Can wearing a face mask be hazardous to your health? Doctor answers ABC7 viewer questions

With masks required during many activities in California, some wonder if wearing a face covering can be harmful to your respiratory health.
LOS ANGELES (KABC) -- Can wearing masks for a long time be harmful to your respiratory health?

As masks are being required in most public areas in many California communities, some have found it hard to breathe in them for long periods of time and wonder about possible effects.

Dr. Anthony Cardillo, an ER specialist and CEO of Mend Urgent Care answered questions from ABC7 viewers about masks and other aspects of staying healthy during the pandemic.

Question: I've heard people say masks can cause a buildup of carbon dioxide that can be hazardous to your health. Are there verified reports of medical professionals experiencing adverse health effects from wearing masks?

No.

Cardillo said while masks can be uncomfortable, there is no evidence to suggest they are harmful to human health. And their benefits - namely reducing your chance of exposure to the coronavirus - far outweigh any discomfort, he noted.

He said the N95 masks that doctors and other medical providers wear can be more uncomfortable for them, as they cover the entire face and only allow air in through the material, not around the sides.

The regular surgical masks that patients wear when visiting their doctor are more comfortable as they are thinner and allow air to be exhaled through the side of the covering.

"I will tell you, it's not that easy or comfortable for the providers," Cardillo said.

That's why doctors and nurses are advised to take a break from wearing the N95 mask every hour or so. They're told to find a quiet place to be alone and take off the mask for a few minutes.

Q: Is it safe to go to the optometrist and other medical specialists?

Yes.

Cardillo said most medical providers, including specialists such as optometrists and dentists, have established protocols to protect patients' health.
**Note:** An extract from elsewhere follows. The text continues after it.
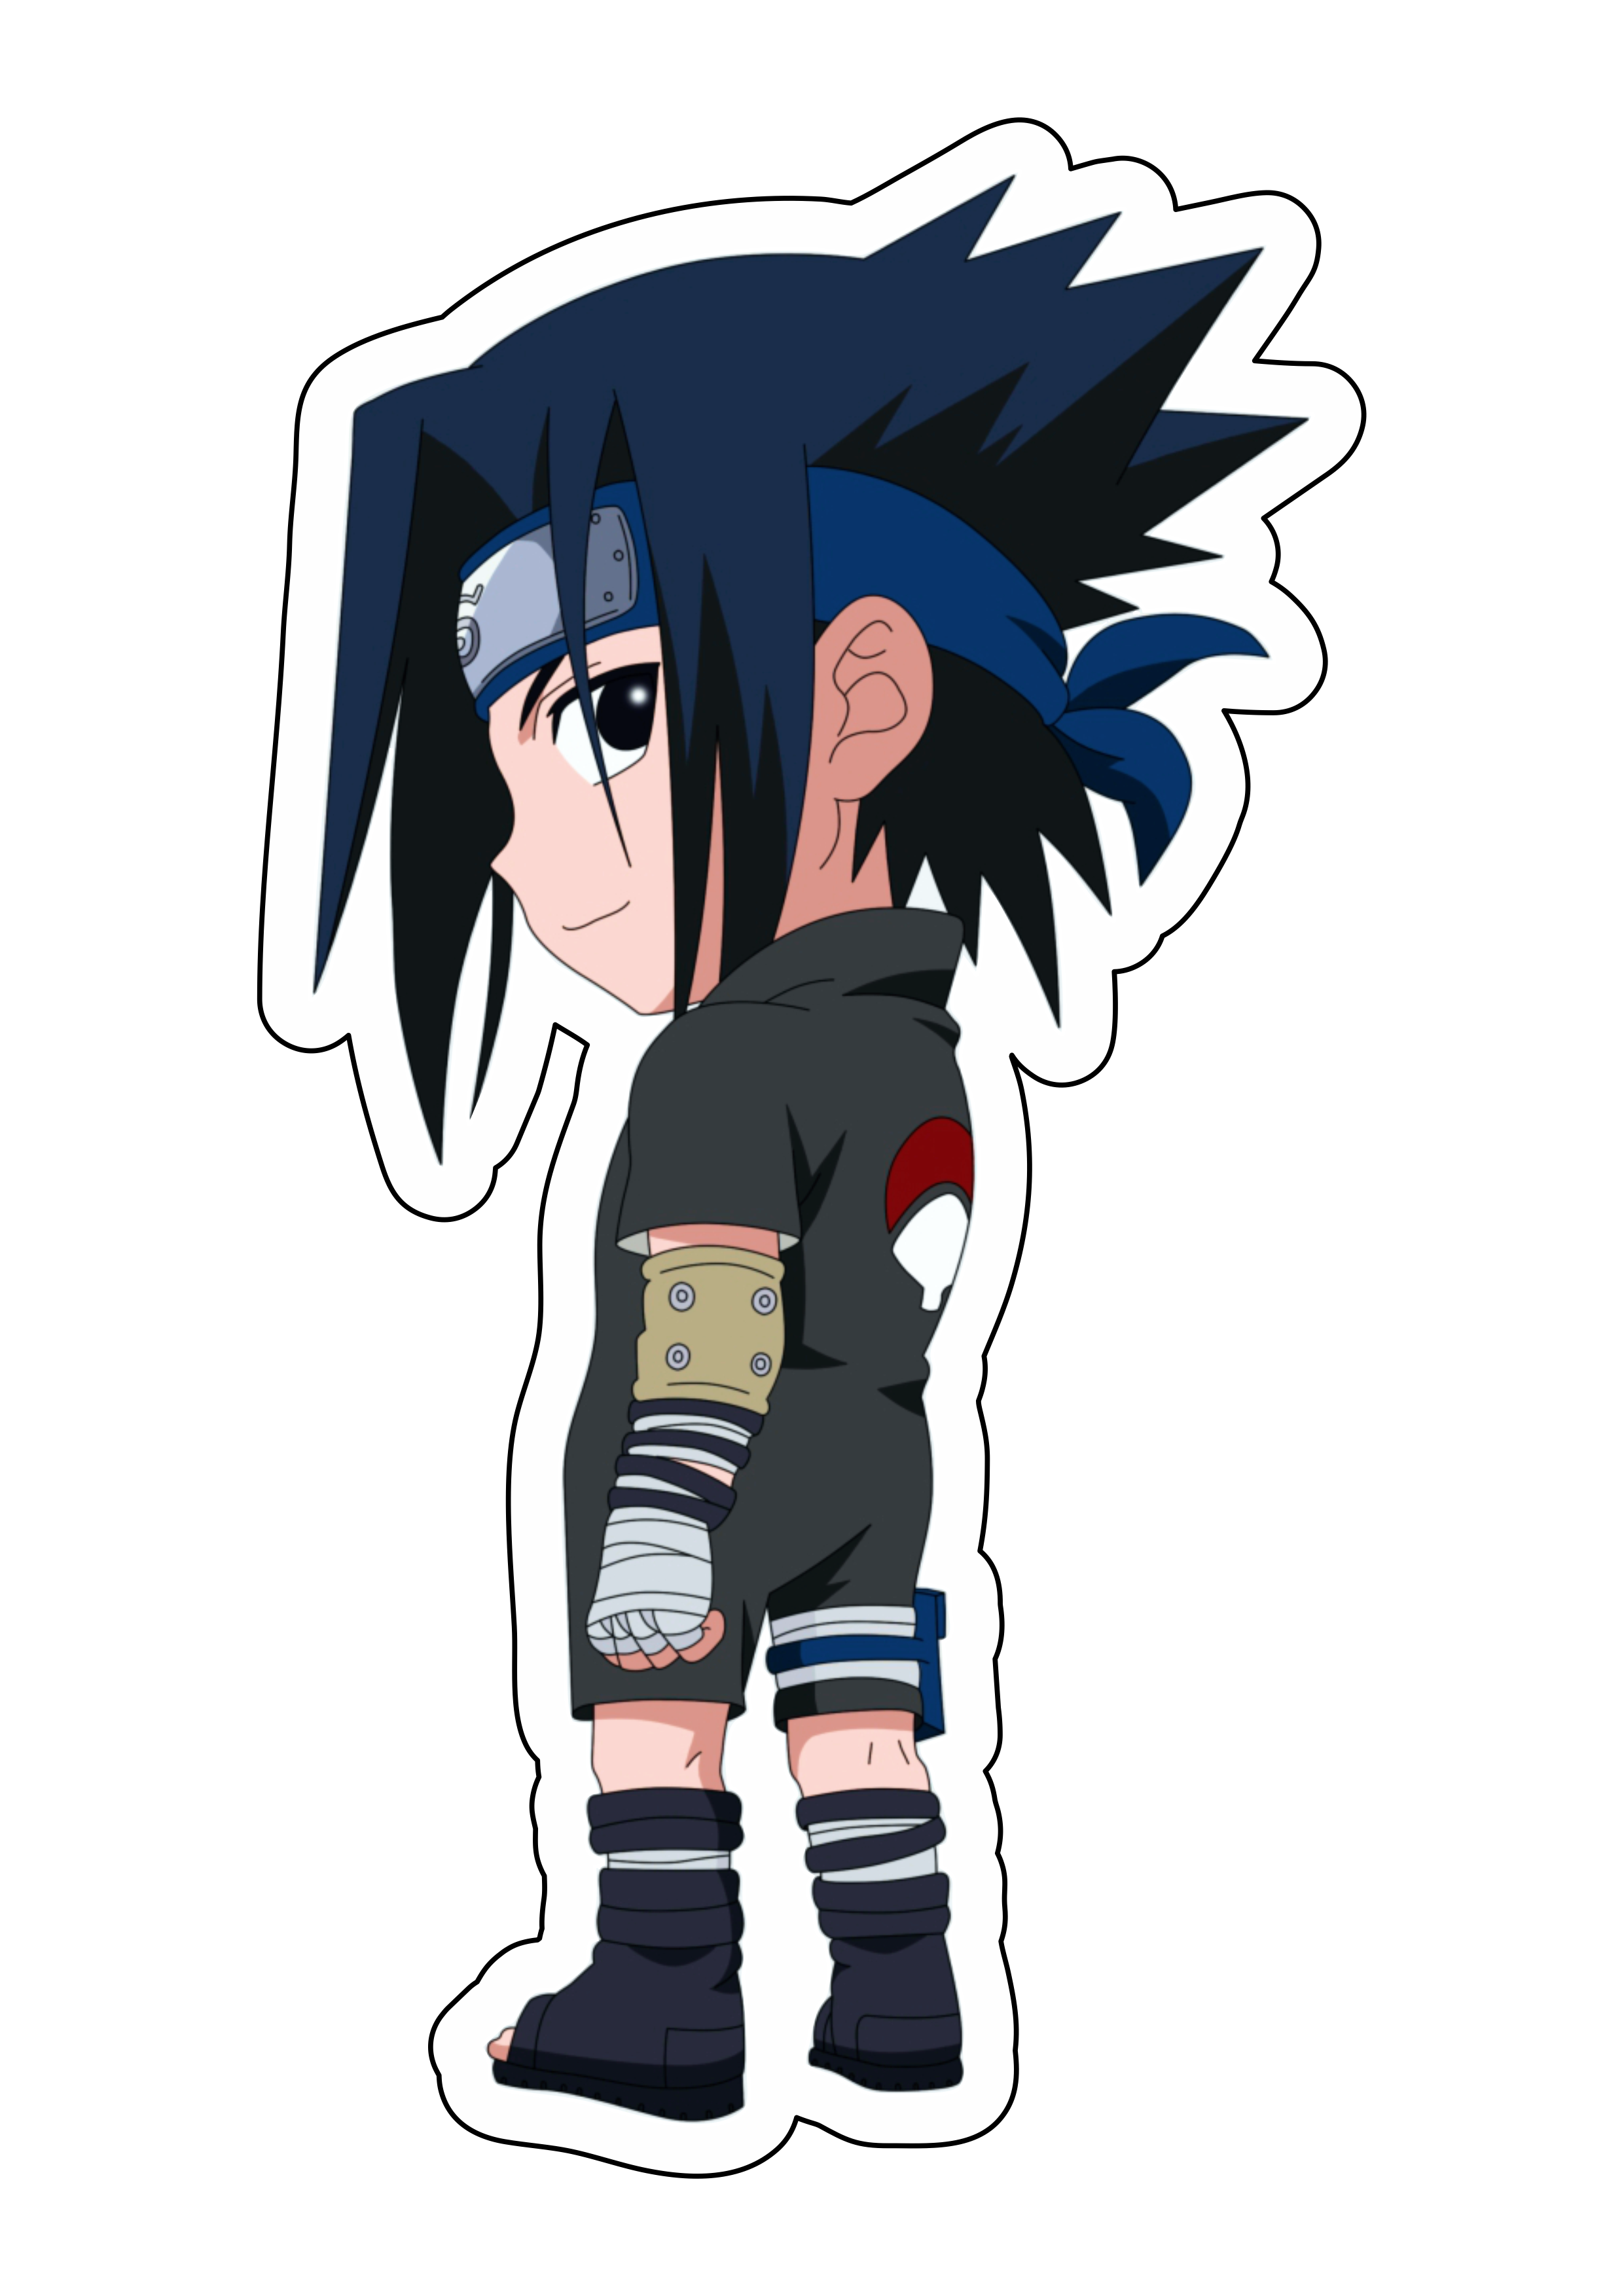 Naruto shippuden cute chibi Sasuke desenho infantil anime fundo transparente com contorno png

It's important not to delay medical treatments that can be life-saving or that can prevent a worsening of an existing problem, he said.
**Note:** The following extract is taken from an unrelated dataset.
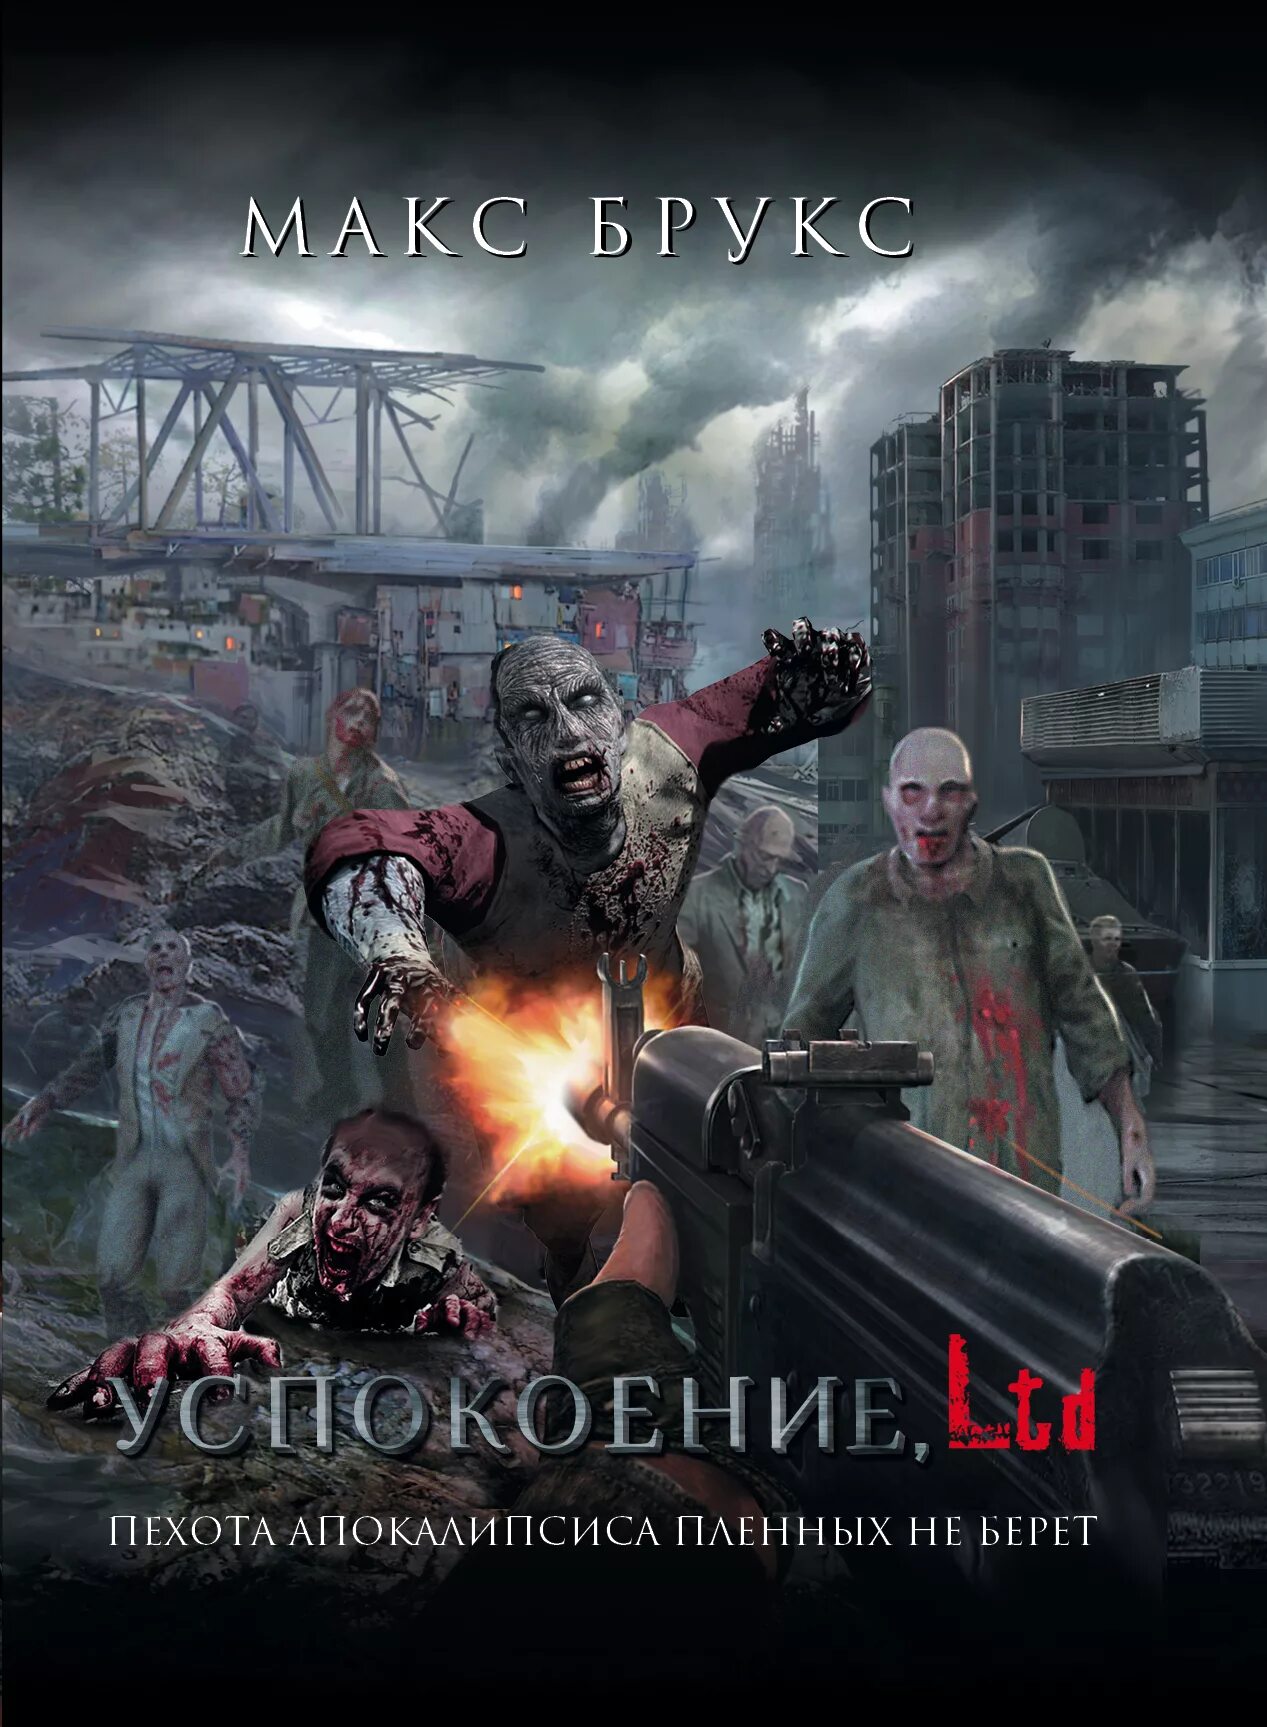 Апокалипсис книги авторы. Брукс Макс "успокоение, Ltd". Книги про зомби. Апокалипсис книга.

"It's critical that people don't delay care for medical issues," he said. "Every doctor's office is outfitted now to properly protect patients. You should not put off treating yourself."

Q: I've lost a lot of weight, dropping from 400 pounds to 300 pounds. Does this give me better immunity to fight COVID-19?

Yes.

"Every pound you lose gives yourself a better opportunity to fight this disease. The less weight you have on, the better it is for you."